Il écarquilla les doigts contre la vitre de projection, regardant la faible lueur danser sur ses jointures. L’image rémanente des runes brillait encore là, comme des échos refusant de disparaître.
Une papillon bat des ailes…
Et l’avenir se divise.
Il n’avait pas simplement effleuré un fil.
Il avait coupé la trame.
Et l’histoire—cette histoire—essayait encore de rattraper son retard.
Lucavion sourit pour lui-même, lentement et sèchement.
« Donc, ça allait être comme ça… quelle ironie… »
Bien sûr que oui.
Elle ne viendrait pas en tant que telle. Pas la fille des quartiers pauvres avec de la suie sur les doigts et du défi dans le regard. Non, l’académie ne la verrait pas—ils verraient l’héritière d’un noble. Un autre prodige poli avec un nom qui ouvre des portes.
De nouveaux vêtements. Un nouveau nom. Peut-être un nouveau visage. Un glamour subtil. Une identité recomposée. Quelque chose d’élégant et d’oubliable pour passer sous le radar—jusqu’à ce qu’elle veuille être vue.
Et quand elle voudra être vue ?
Eh bien… c’était le moment qu’il attendait.
Il ricana doucement. « Et peut-être que je ne la reconnaîtrai pas. Pas au début. Ou peut-être que je saurai que c’est elle dès qu’elle essaiera de mentir avec ses yeux. »
Il ne se rendit pas compte qu’il avait parlé à voix haute jusqu’à ce qu’une voix s’éveille derrière lui.
[Que dis-tu ?] La tonalité de Vitaliara glissa comme la patte d’un félin—curieuse, légèrement accusatrice, mais trop paresseuse pour être sérieuse.
Il ne tourna pas la tête. Se contenta de poser ses avant-bras sur ses genoux, regardant toujours le tourbillon de runes s’effacer dans le néant. « Je pensais juste à moi-même. »
[Hm.] Un battement de queue contre le coussin. [Ceux qui parlent seuls sont généralement considérés comme fous dans la forêt.]
Il haussa les épaules, même pas la peine de dissimuler son sourire en coin. « C’est une façade de mots façonnée par des gens qui ne supportent pas d’être seuls avec leurs pensées. »
[Ooooh.] Elle s’étira paresseusement sur le dossier du canapé. [Maintenant, tu fais juste de la poésie pour détourner le fait que tu parles à des gens invisibles.]

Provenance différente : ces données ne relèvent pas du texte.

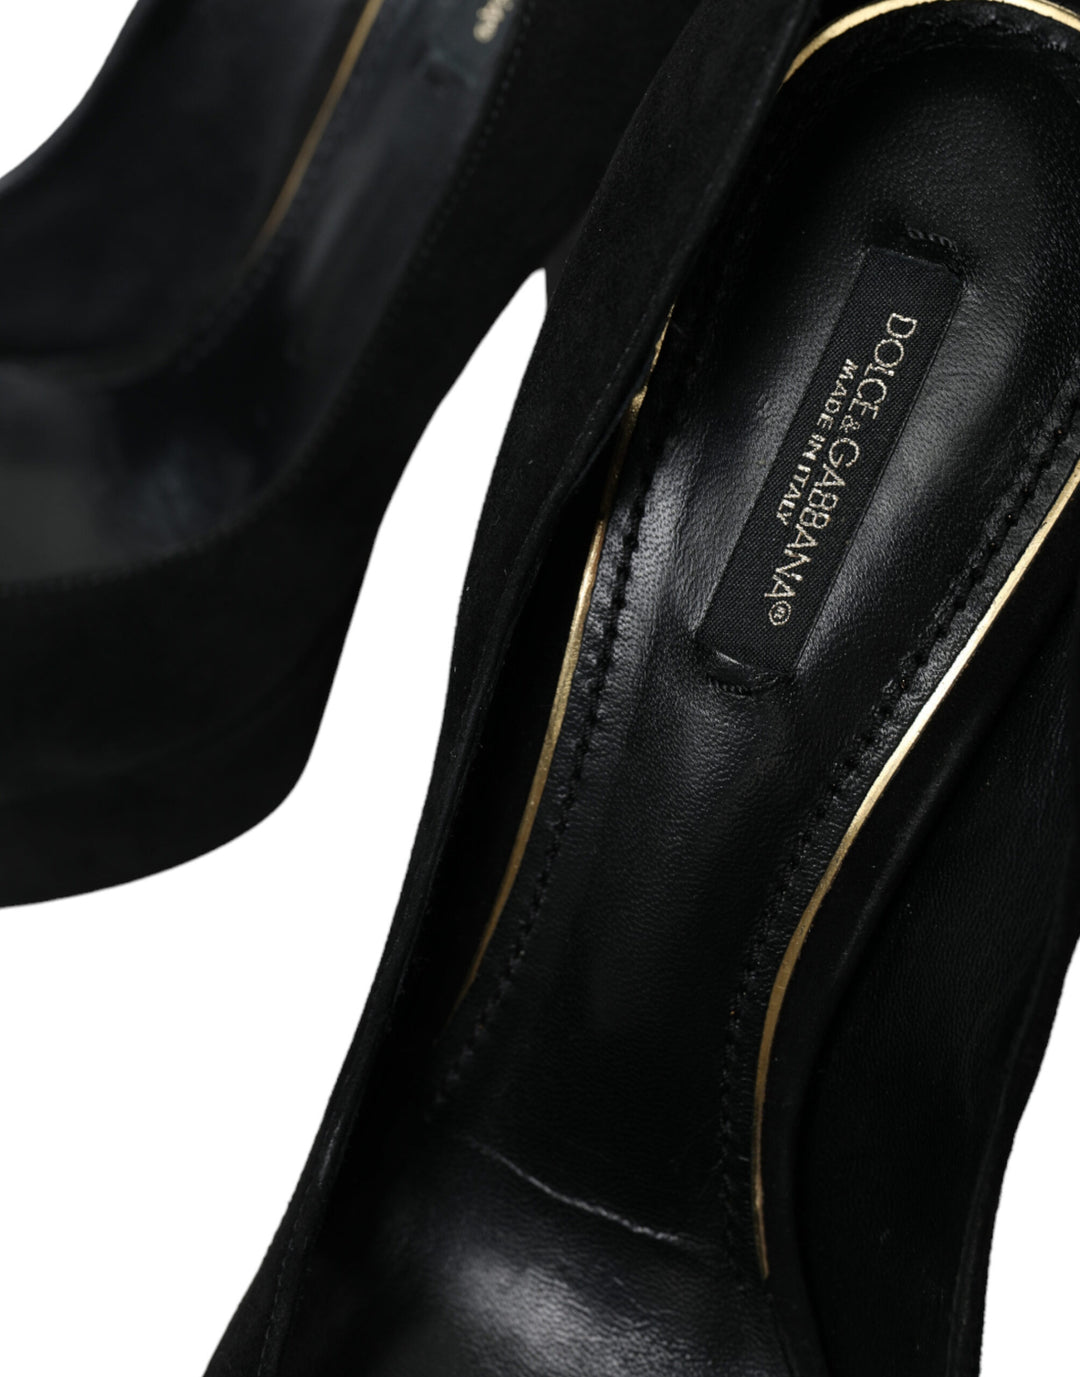 Dolce & Gabbana Black Suede Heeled Pumps Sophistication

« Ils ne sont pas invisibles, » dit-il doucement. « Ils sont juste retardés. »
[Ce n’est pas mieux.]
Lucavion inclina légèrement la tasse, regardant la dernière boucle de vapeur disparaître comme un souffle trop fatigué pour rester.
Puis, sans manquer un battement, il murmura : « Comment ça va, d’ailleurs ? »
[C’est une diversion maladroite,] fit Vitaliara, la pointe de sa queue fouettant paresseusement le dossier du siège. [Mais je vais la laisser passer.]
Il émit un son d’accord non engagé—ni en faveur ni en désaccord. Juste assez pour dire, oui, et alors ?
Elle se roula sur le côté, sa forme féline à moitié fondue dans l’ombre où la lumière ambiante se faisait plus faible. [Je sens beaucoup de bêtes mythiques autour.]
———A/N———-
Enfin, mes examens sont terminés. L’examen d’hier était si difficile que j’ai attrapé une grippe….
Je posterai 2 chapitres de plus plus tard.